RURAL ROUTES/Margot Ford McMillen

Purple America

Janus is the Roman god of portals. With two faces, he watches our comings and goings through doorways, bridges, passages and, of course, January. And so he must be looking this month at America with two puzzled expressions.

I imagine him perched on the Gateway Arch at St. Louis, with blue-ish Illinois on the east and a long line of reddish states to the west. It's a festive, purplish landscape with plenty of room for hope.

The "Purple America" map by a Princeton professor puts it into perspective, and you can see it at www.princeton.edu/~rvdb/JAVA/election2004. He used county election returns from USA Today and found the states were anything but solid blue and red. But, according to other mapmakers, 2004's election painted rural America all red and urbans all blue.

Lewis Lapham of Harper's spent his January column attacking the heartland. Either we're loony with religion or corrupt, according to his theory. Either way, we're delusional in our sense of self-reliance. "The red states live on the charity of the blue states, more abjectly dependent on government subsidy than a Harlem welfare mother or the owner of a California football team," he writes, and more.

Next time Lapham strolls past the Board of Trade, he might check in and talk to a trader. He might ask about the prices of wheat and pork bellies. While the trader will probably shrug it off, Lapham might investigate and find that traders pay prices lower than the cost to produce what they trade. Low prices are convenient to industry that wants to supply city folk with cheap food.

Then Lapham might check at the New York Stock Exchange where the food sector -- processors and shippers like ConAgra and Phillip Morris -- has performed brilliantly by raising prices to consumers each quarter and, thus, raising their own stock value. They even get subsidies for import and export.

Folks on the coasts labor under illusions of their own self-reliance. For generations, rural resources and children built urban buildings and raised urban suppers. Appalachia gives up its mountains for coal to heat their apartments. Montana steers give up their hides to cover seats in their waiting rooms.

North Dakota's water raises city wheat. Nevada will shelter their nuclear waste, trucked out through dozens of heartland states. As resources get more precious, California's valley farmers are giving up their water for San Francisco bathers whose vegetables will be shipped in from farther away.

City dwellers would like to think they make their own ways in the same way that they make fashion, but cities live on the abundance of the rural countryside. Destroy a downtown building and we'll replace it. Destroy our countryside, and what will the cities do?

Meanwhile, American producers compete for a slice of the pie with poor people all over the world. In our cell-phone-and-jumbo-jet era, cities take resources from ever-widening nets. When the twin towers are rebuilt, the steel may come from a remote area in China rather than Pittsburgh. The marble and wood paneling may come from Africa rather than Missouri. But one thing is sure: Rural folks will give up their homes and forests to rebuild those new structures.

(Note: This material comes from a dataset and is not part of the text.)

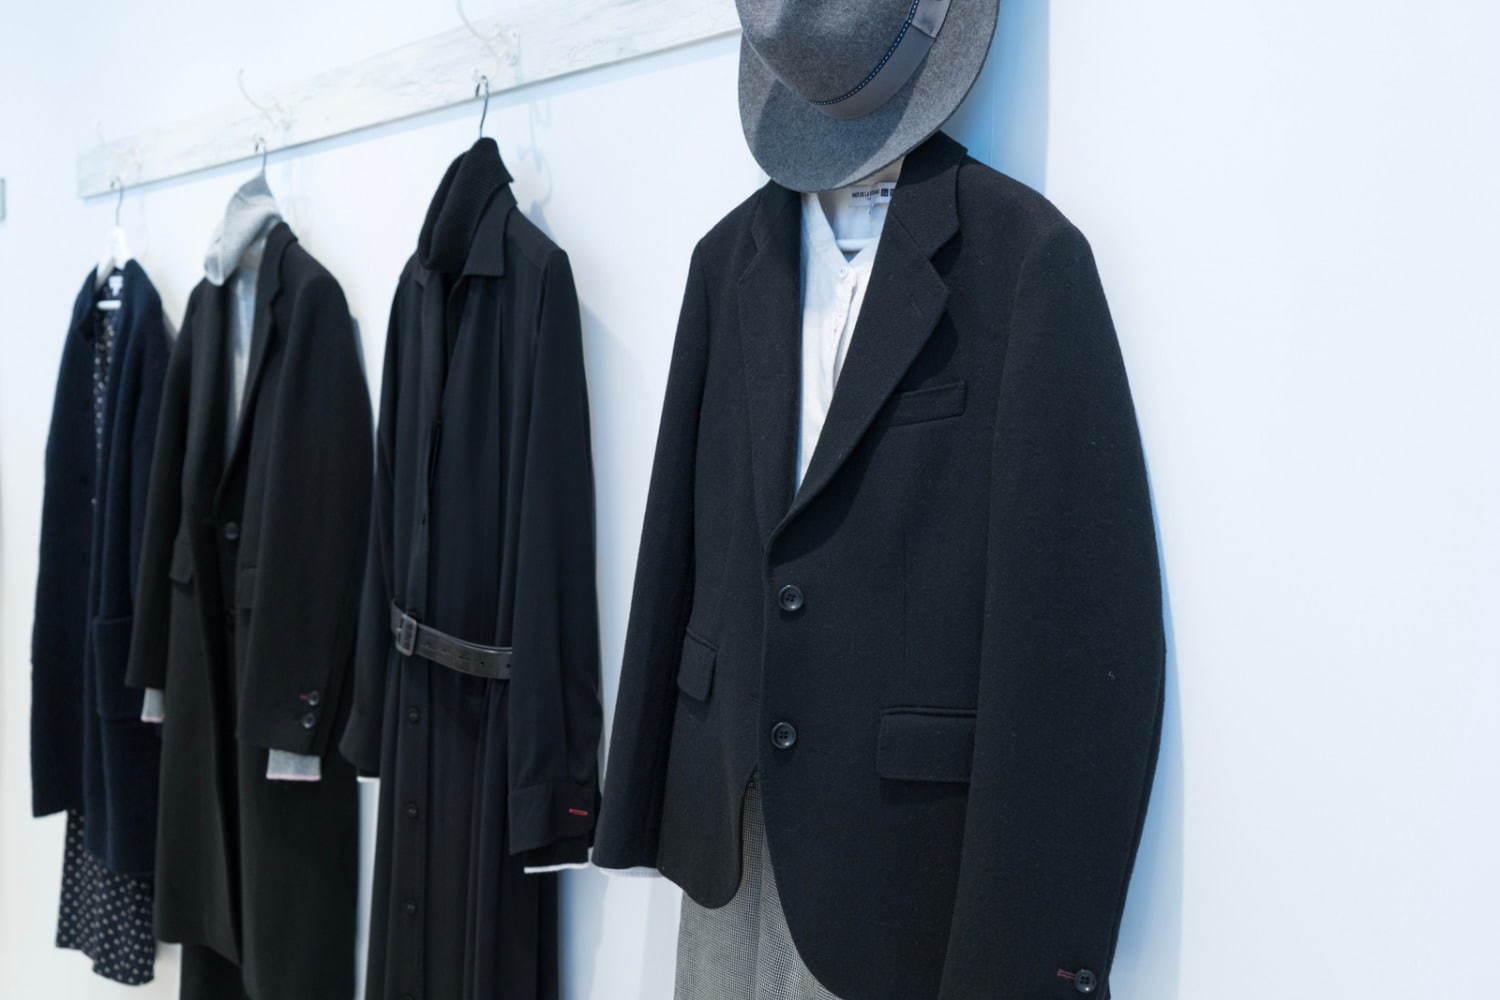 ユニクロ イネス ド ラ フレサンジュ 19秋冬 メインカラーに 黒 初採用 ワンピースやコート ファッションプレス

I am as disappointed in the 2004 elections as anyone, but in the future, rather than attacking the red states, Democrats need to quit the blame game and accept the failures of the party -- no candidates, no platforms. Let's all resolve to accept the yin and yang of rural and urban destinies.

Speaking of resolutions, an email campaign suggests we spend not one damn dime on inauguration day. And just as soon as that was in the In-Box, another followed whining, "If I do that, I'm just a child crying in the wilderness."

Let's take out the No. 2 pencils and connect the dots between our consumer habits and the world we've created. Better yet, take out the boldest marker. A one-day purge is valuable.

Stepping back from the consumer treadmill as this administration inaugurates itself is a good way to separate ourselves from its greed and glitter. Wear your oldest clothes. Eat leftovers. If you've lost your gloves, wrap your hands in old scarves. Remember that new stuff comes from far away. Rejecting new stuff means rejecting the oil-based transportation system that brings it here which, incidentally, has us in a major war.

In fact, celebrating "not one damn dime" is a good practice. Once a month, perhaps, practice a ritual that includes steeping yourself in your community. That means using food and clothing made in your neighborhood, recreation in a nearby park instead of a crosstown gym, visiting someone who can't get out. In short, rather than seeking refuge for your despair in the mall, practice gestures that benefit the people who live nearby.

It won't be the first time that cries in the wilderness have changed the future.